(Beginning of DATA EXCERPT)

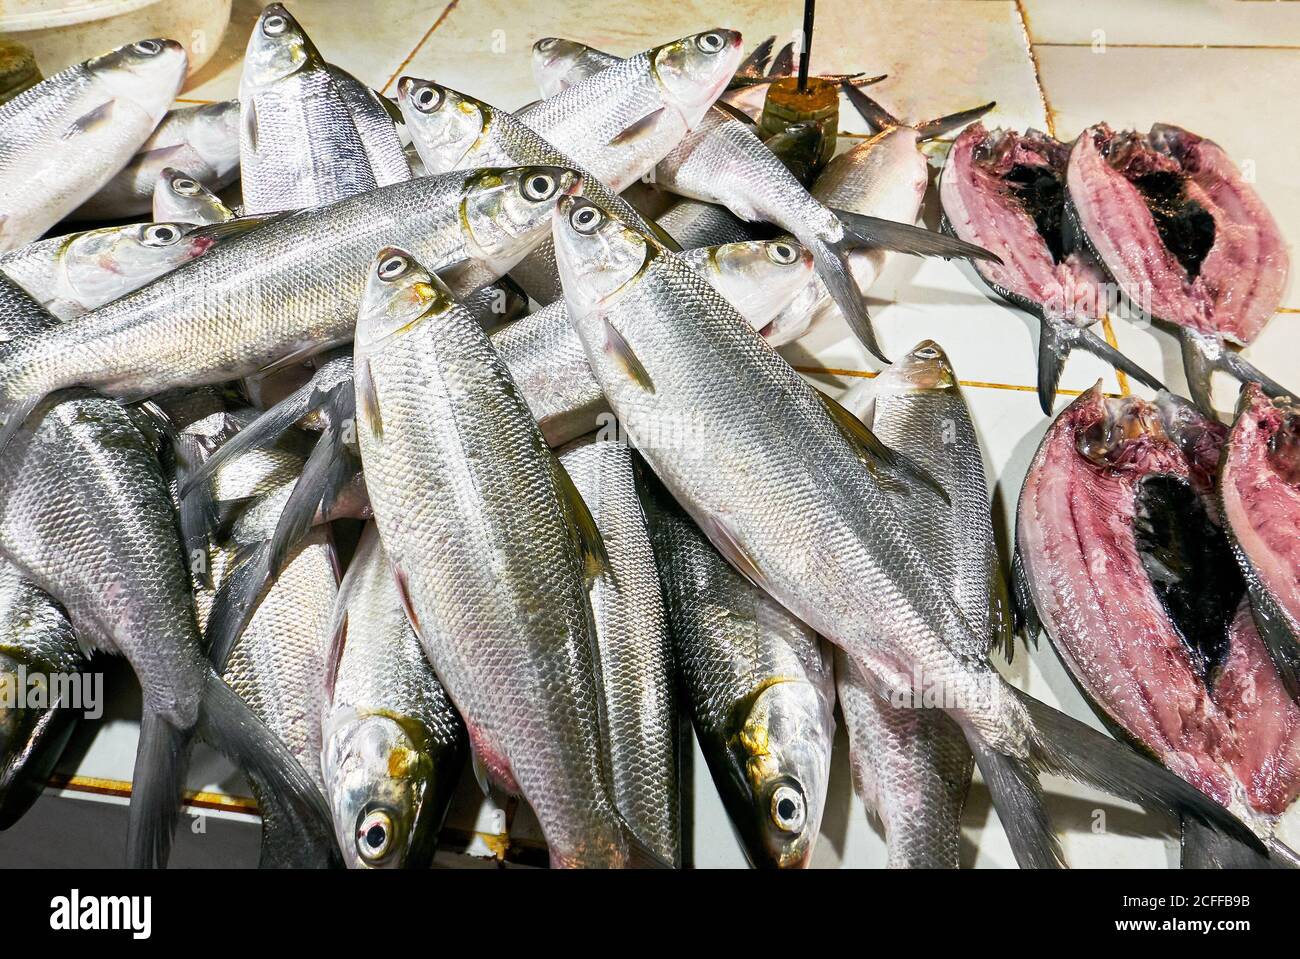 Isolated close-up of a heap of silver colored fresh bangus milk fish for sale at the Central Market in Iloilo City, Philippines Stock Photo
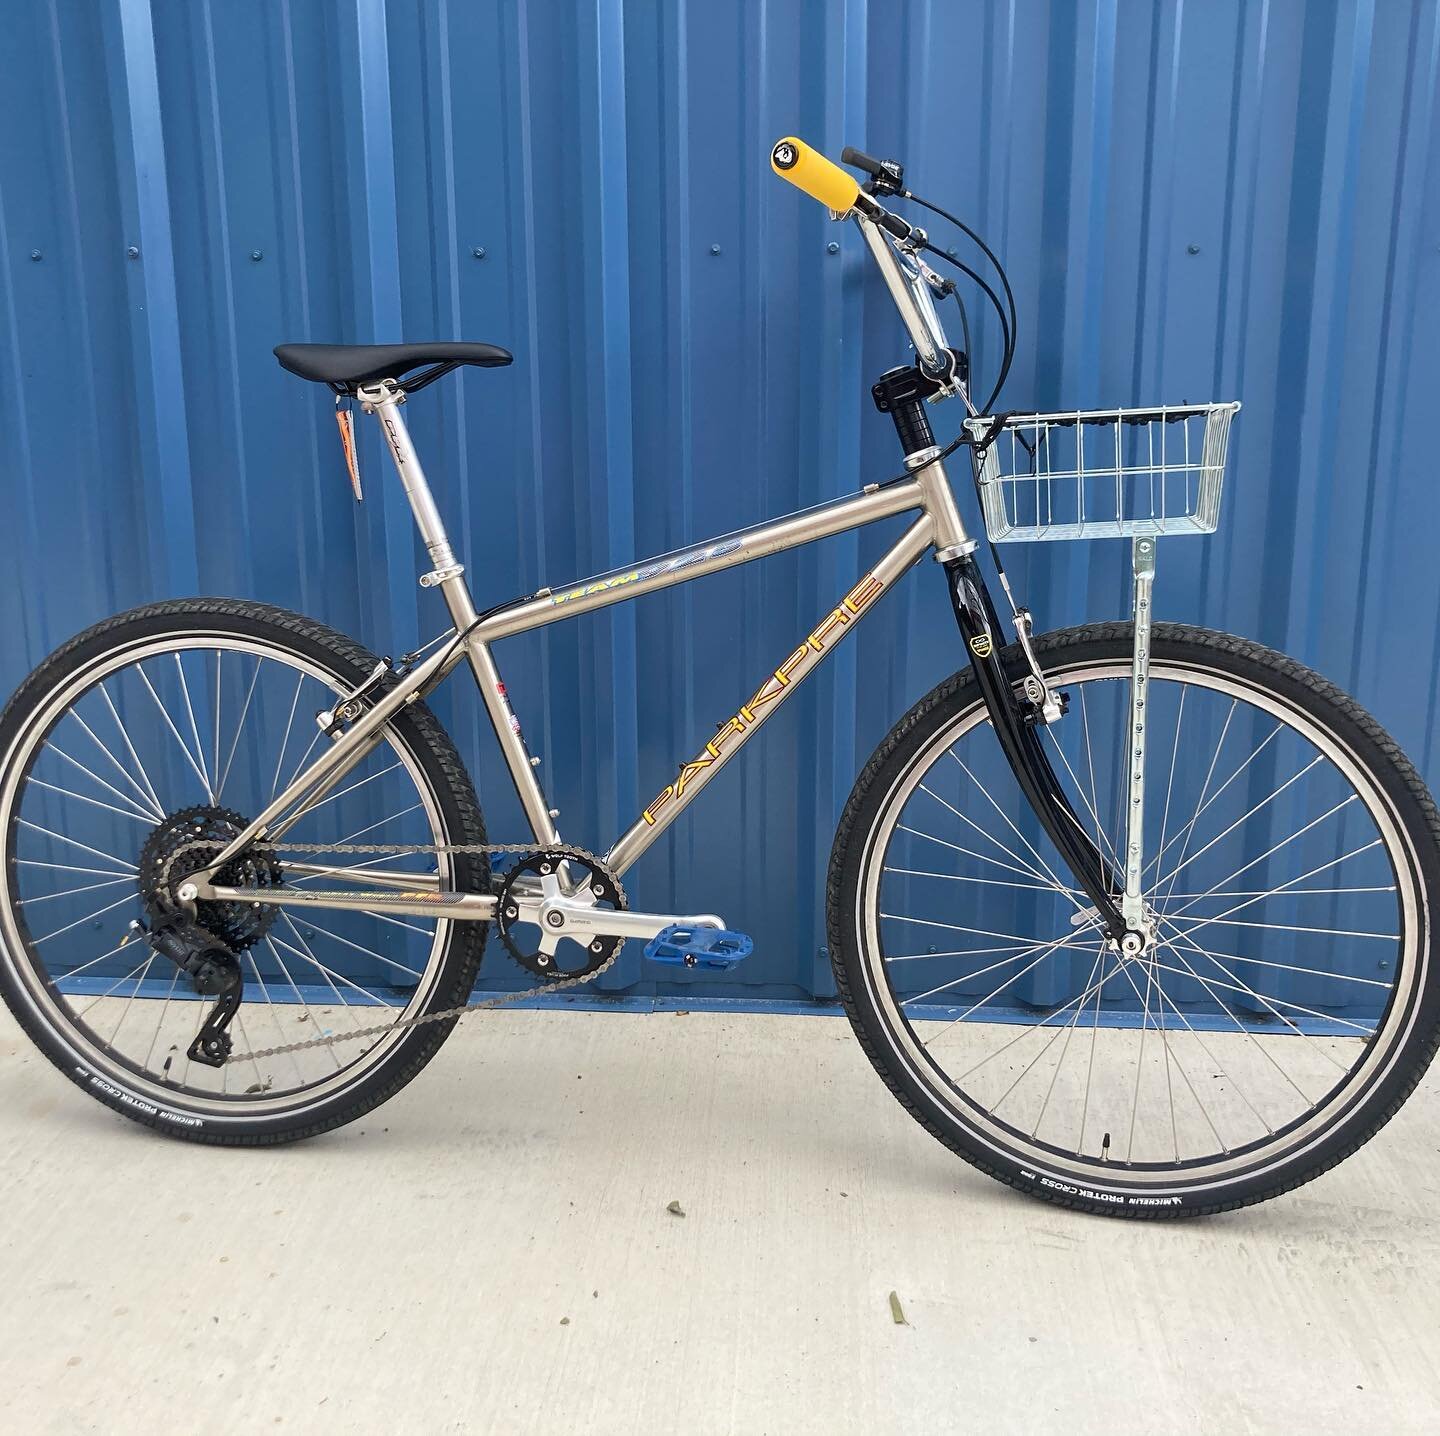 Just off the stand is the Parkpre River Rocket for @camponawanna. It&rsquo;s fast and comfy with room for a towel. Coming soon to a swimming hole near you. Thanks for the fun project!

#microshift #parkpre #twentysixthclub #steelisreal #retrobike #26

(End of DATA EXCERPT)

__WHAT THE EXERCISE ASKS__: Without including any image, reproduce the full listing above as written.

__EXPECTED ANSWER__:
 Isolated close-up of a heap of silver colored fresh bangus milk fish for sale at the Central Market in Iloilo City, Philippines Stock Photo
 Just off the stand is the Parkpre River Rocket for @camponawanna. It&rsquo;s fast and comfy with room for a towel. Coming soon to a swimming hole near you. Thanks for the fun project!

#microshift #parkpre #twentysixthclub #steelisreal #retrobike #26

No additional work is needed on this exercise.